Ah ! Presque simultanément, le directeur Sun fut réveillé par le cri perçant de Su Youqing. Elle s'accrochait à lui de toutes ses forces, comme une noyée à une paille, ses ongles s'enfonçant dans sa chair. Le directeur Sun ressentit une légère douleur, mais il ne lui en voulut pas.
« N'aie pas peur, n'aie pas peur, je suis là. » Le directeur Sun couvrit les oreilles de Su Youqing de ses doigts. Pour la rassurer rapidement, il chanta même des chansons d'amour de leur passion passée. Peu à peu, Su Youqing se calma. Elle se blottit contre le directeur Sun comme un chaton. Son rythme cardiaque, sa chaleur et sa chanson dissipèrent sa peur. Elle ferma lentement les yeux et s'endormit.

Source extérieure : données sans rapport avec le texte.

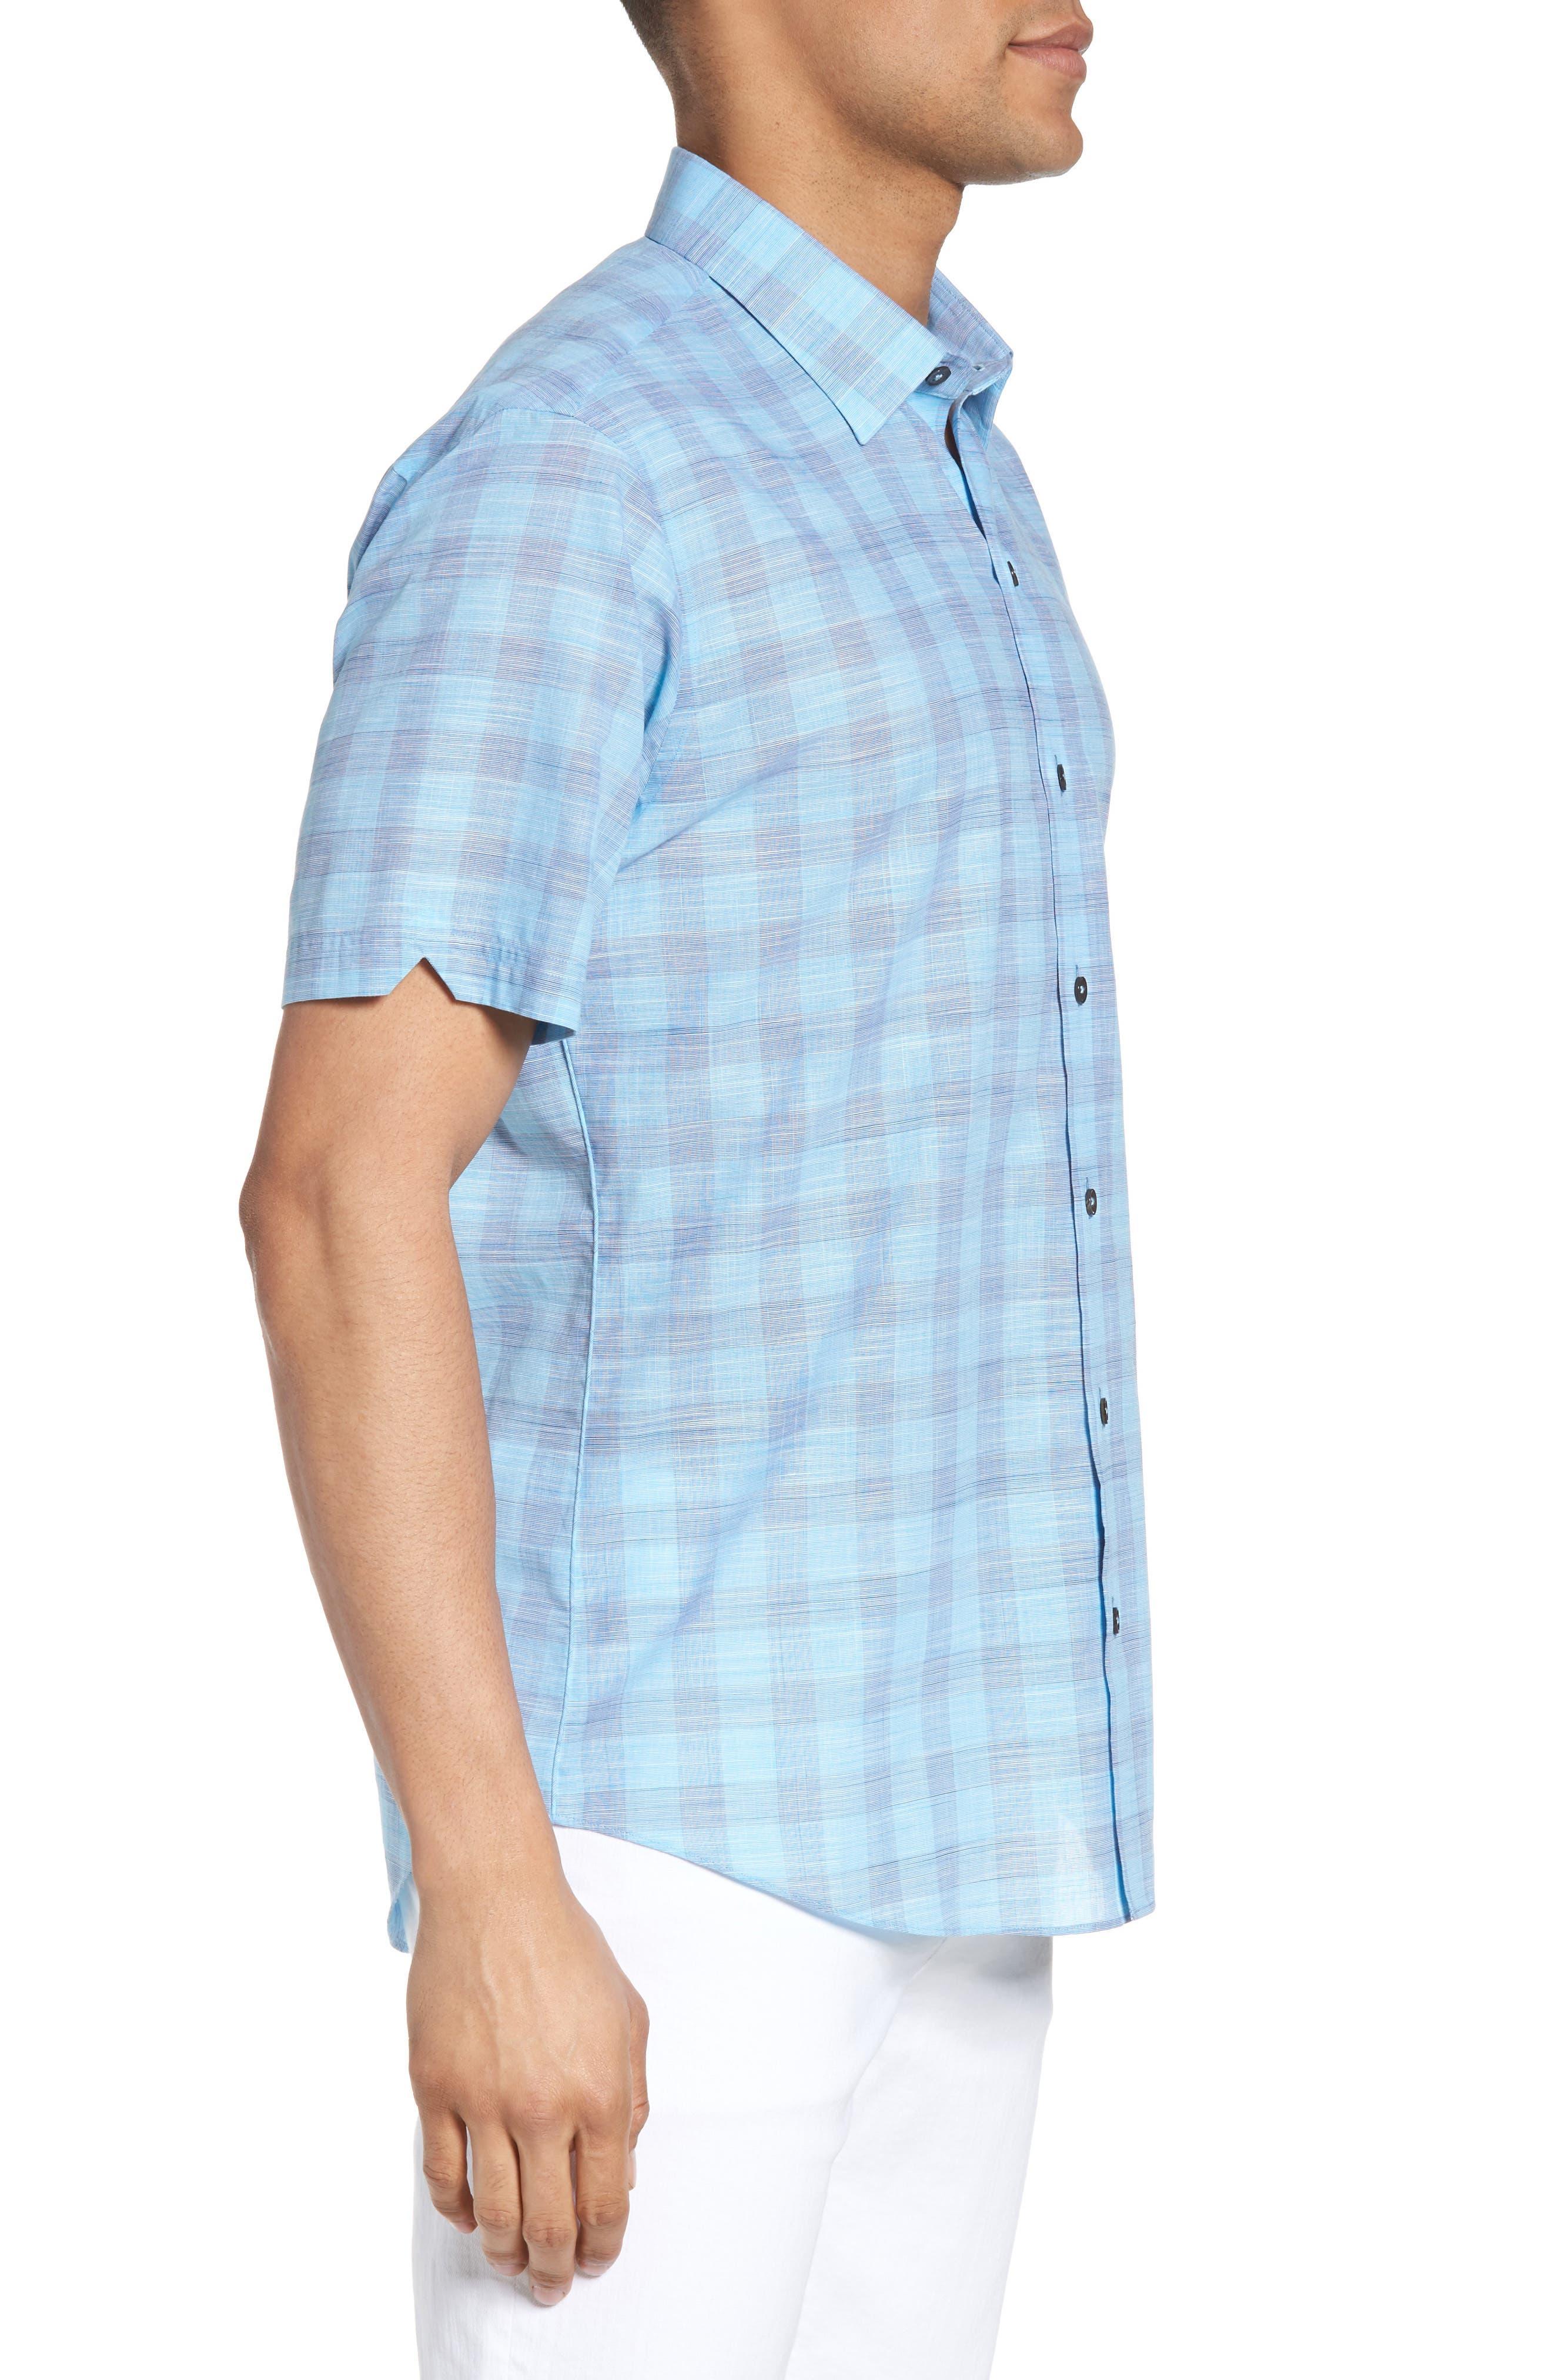 Hasanagic Trim Fit Plaid Sport Shirt,                             Alternate thumbnail 3, color,                             Turquoise

Lorsqu'elle rouvrit les yeux, c'était déjà le lendemain matin. La pluie battante avait cessé depuis longtemps, les nuages sombres s'étaient dissipés et un soleil doré baignait la terre. Elle ne se souvenait plus du moment où elle avait quitté l'étreinte du directeur Sun ; il lui tournait maintenant le dos. Su Youqing se leva et ouvrit la fenêtre ; l'air frais, légèrement humide, s'engouffra dans la pièce. Elle inspira profondément, se sentant revigorée.
« Lève-toi vite, l'air du matin est si frais. » Le réalisateur Sun ne bougea pas.
« Tu as été sage hier soir, alors je te laisse dormir un peu plus longtemps. Je vais te préparer le petit-déjeuner. » Su Youqing se précipita dans la cuisine, et bientôt un arôme alléchant s'en échappa. Elle cria de l'intérieur : « Debout, fainéant ! Tu vas être en retard au travail ! »
Le réalisateur Sun ne s'était toujours pas levé.
Après avoir préparé le petit-déjeuner, Su Youqing retourna dans la chambre et vit le directeur Sun encore couché. Un mauvais pressentiment l'envahit
; le directeur Sun n'avait pas l'habitude de faire la grasse matinée. «
Tu es malade
?
» demanda-t-elle en tendant la main par-derrière. Sa main était glacée, glaciale. Le directeur Sun la retira brusquement, comme électrocuté.
Le réalisateur Sun se retourna lentement, les yeux grands ouverts et la langue tirée.
Il est mort !
Ah ! Sun Youqing poussa un cri encore plus terrifiant que le tonnerre.
021 La marque du démon
Une forte pluie la nuit dernière avait tout lavé. Les feuilles brillaient d'un vert éclatant, l'herbe était luxuriante et les oiseaux gazouillaient sans cesse dans les branches. Ye Cheng se sentait beaucoup plus léger. Les deux derniers jours, il avait été absorbé par l'affaire, ce qui l'avait épuisé ; même dans ses rêves, il y pensait. Contemplant le monde rafraîchi par la pluie, Ye Cheng mit momentanément l'affaire de côté, accordant un répit à son corps et à son esprit. Il conservait une lueur d'espoir ; peut-être trouverait-il aujourd'hui un indice crucial qui permettrait de résoudre l'affaire. La résolution de l'affaire était secondaire pour lui ; ce qui comptait, c'était de comprendre les manigances et les stratagèmes du groupe Xia.
Ye Cheng vivait dans les bureaux du commissariat, y mangeait et y dormait. Cela présentait un avantage : il n'était jamais en retard au travail.
« Les oiseaux sur l'arbre sont par deux… » Ye Cheng fredonnait un air en se brossant les dents dans la salle de bain. Il avait l'habitude de chanter des chansons entendues on ne sait où dès qu'il était de bonne humeur, ce qui lui mettait de la mousse de dentifrice partout dans la bouche, et il en était toujours très content.